I bite my tongue, holding back a laugh. Shaking my head, I go into my bedroom, close the door, and grab some clean clothes. As I pull a loose sweater over my head, I wonder if maybe I should find my own place to stay while I’m here. After all, we’ve never stayed with each other for more than a few days, and we’re already past that.

It actually stuns me slightly to realize it’s been an entire week since Beckett showed up in Cliveden, the day of Grandpa’s funeral.

But the selfish side of me wins out once again. I don’t know how I’ll ever repay him for everything he’s done for me, but I can’t imagine not having Beckett around right now. Just knowing he’s down the hall grounds me. I need him. I need my friend. And that means I have to make sure the lines around our friendship are drawn clearly and there’s no confusion.

Making my way into the kitchen, I fill a glass with water and take a drink, staring out the window at the backyard. Footsteps tell me of his arrival and I turn around to lean against the counter.
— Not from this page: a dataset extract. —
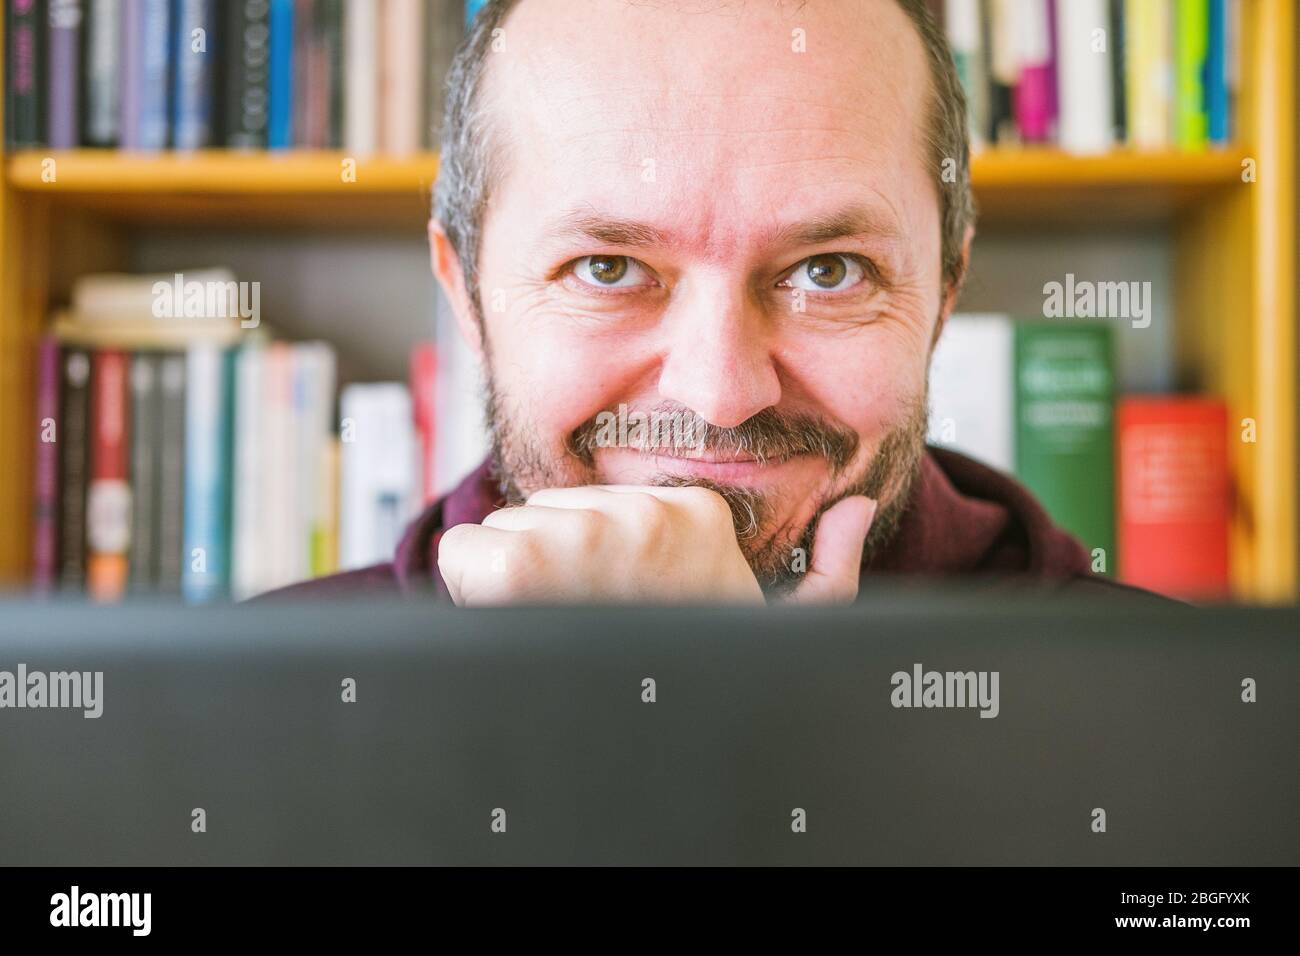 Erwachsener Mann arbeitet von zu Hause aus. Bärtiger Mann, der online von zu Hause aus auf einem Computer-Laptop arbeitet, Bücherregale hinter ihm. Gesichtsausdruck, Lächeln. Nahaufnahme Stockfoto

“I failed again at the whole dinner and a drink thing, but in my defense, you came home early.” I paste on what I hope is a teasing smile. If we can keep everything light and friendly between us, the way it’s always been, everything will be fine. He thinks he has to save me from myself, but the truth is, it’s up to me to save us both.

His eyes meet mine, and he gives me a small grin, making me internally sigh with relief. “There’s some teriyaki chicken marinating in the fridge and stuff for a stir-fry, if that sounds good. We can add some of those steamed noodles you love as well.”